=== DATA ===

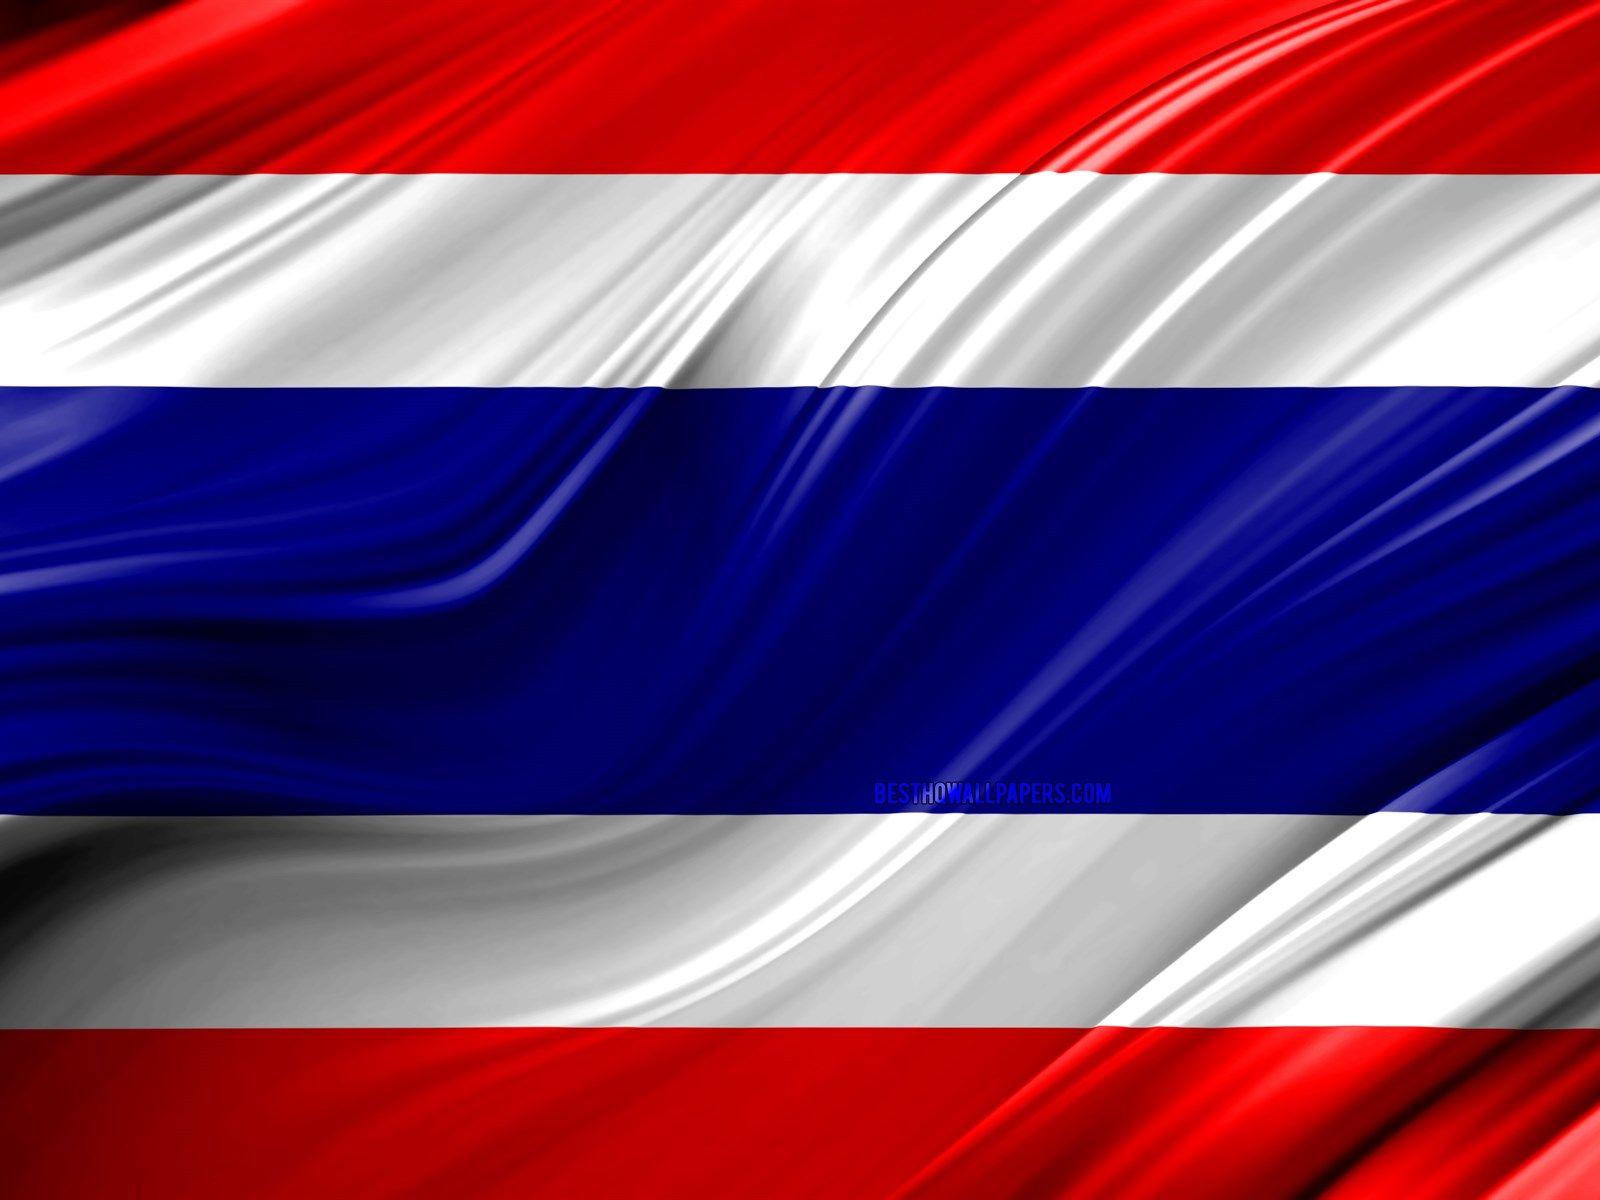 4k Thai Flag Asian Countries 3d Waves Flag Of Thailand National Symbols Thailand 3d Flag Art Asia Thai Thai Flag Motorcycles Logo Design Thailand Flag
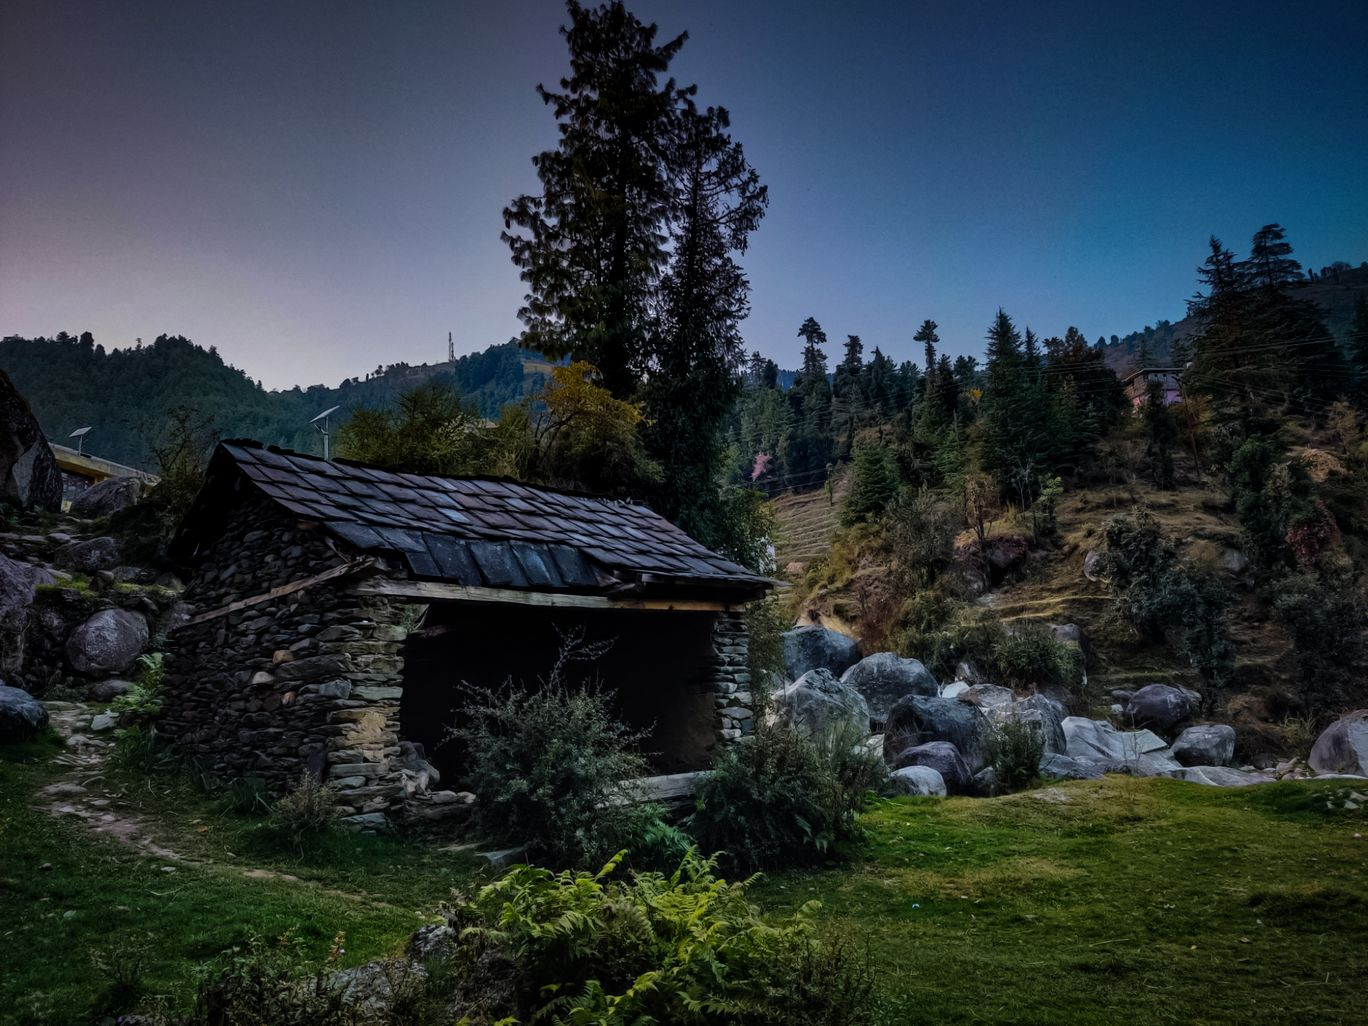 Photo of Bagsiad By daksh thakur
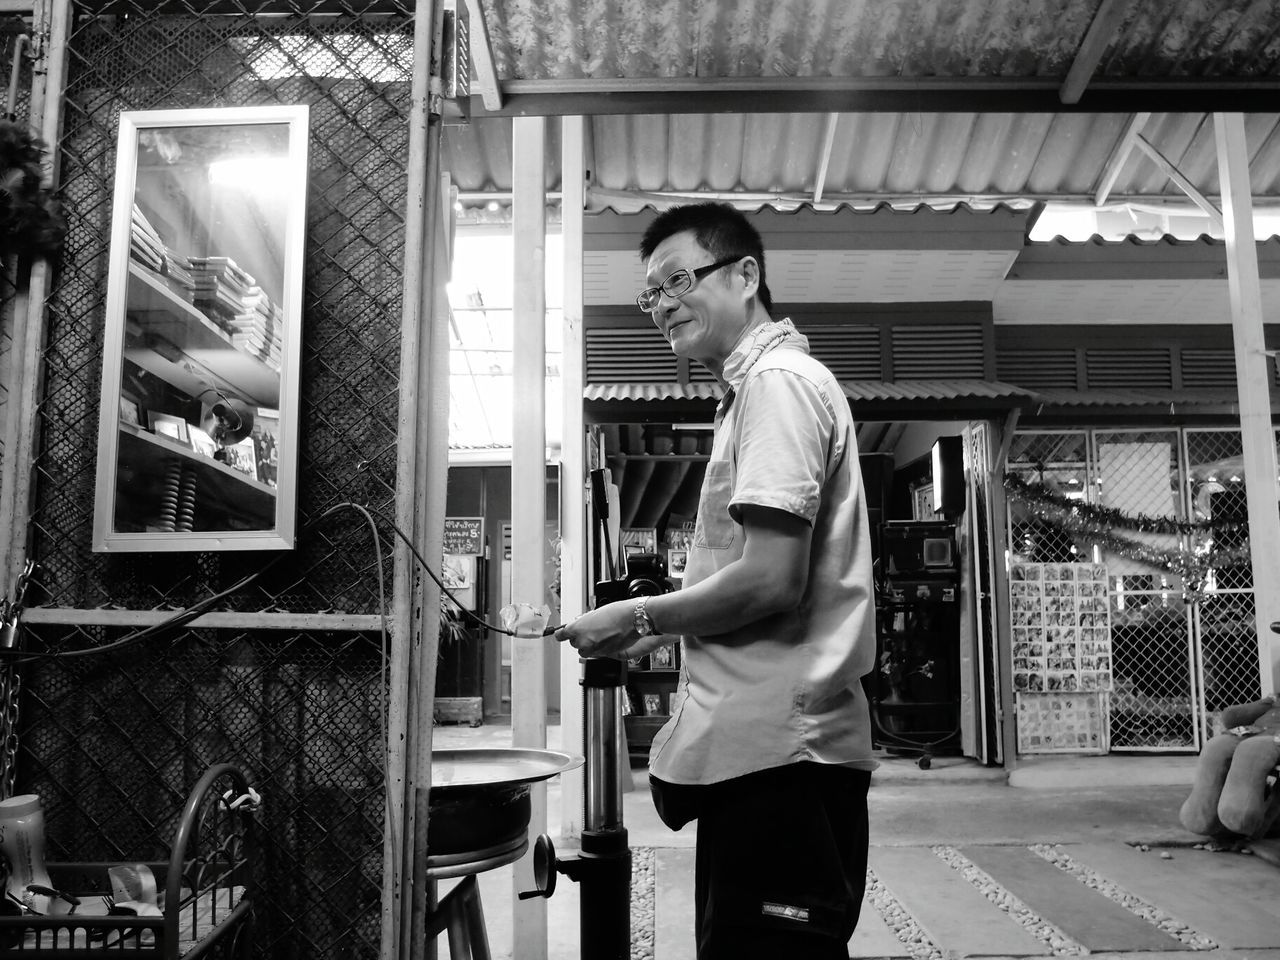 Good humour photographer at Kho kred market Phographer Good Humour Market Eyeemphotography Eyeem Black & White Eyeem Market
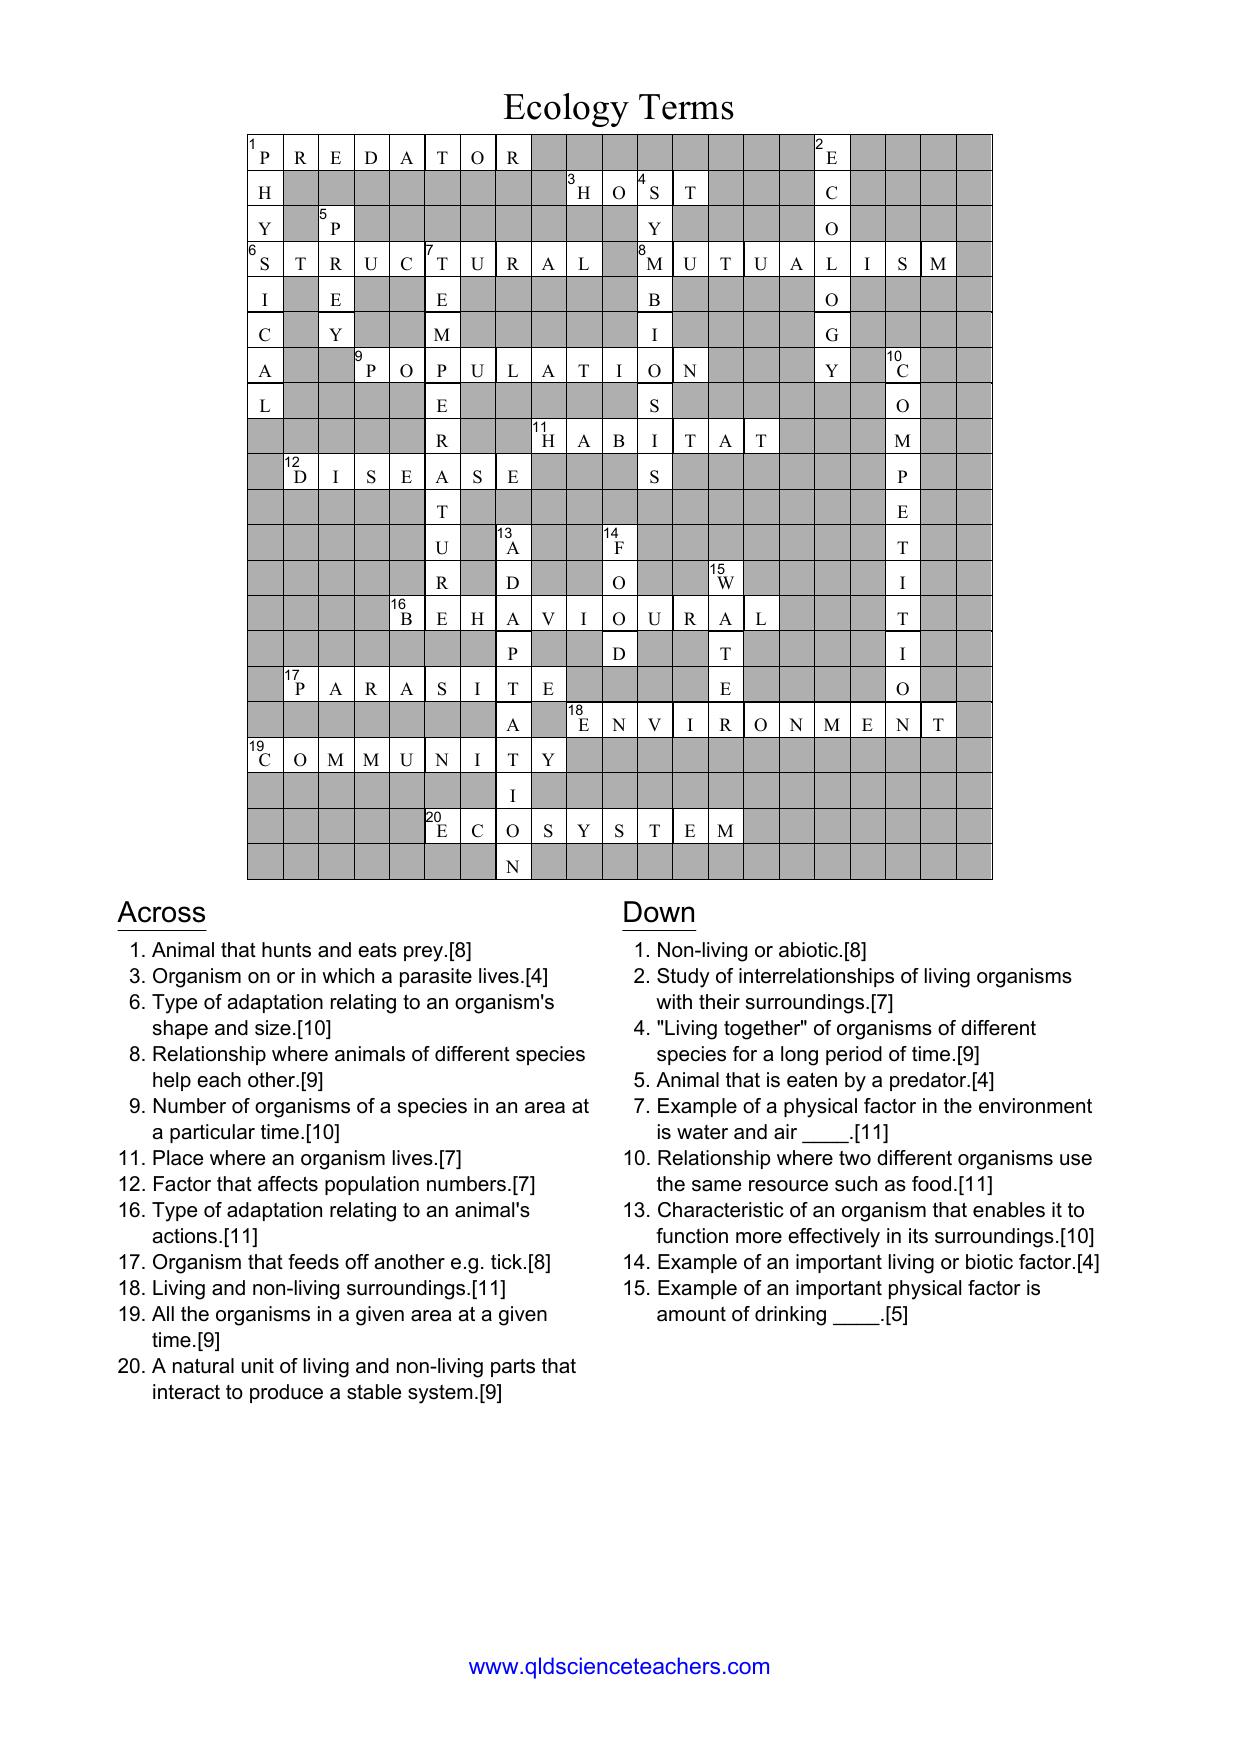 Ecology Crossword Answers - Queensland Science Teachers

===

→ **AIM OF THE TASK**
Reproduce the data verbatim. Do not carry any picture into the copy.

→ **SOLUTION TO THIS PROBLEM**
 4k Thai Flag Asian Countries 3d Waves Flag Of Thailand National Symbols Thailand 3d Flag Art Asia Thai Thai Flag Motorcycles Logo Design Thailand Flag
 Photo of Bagsiad By daksh thakur
 Good humour photographer at Kho kred market Phographer Good Humour Market Eyeemphotography Eyeem Black & White Eyeem Market
 Ecology Crossword Answers - Queensland Science Teachers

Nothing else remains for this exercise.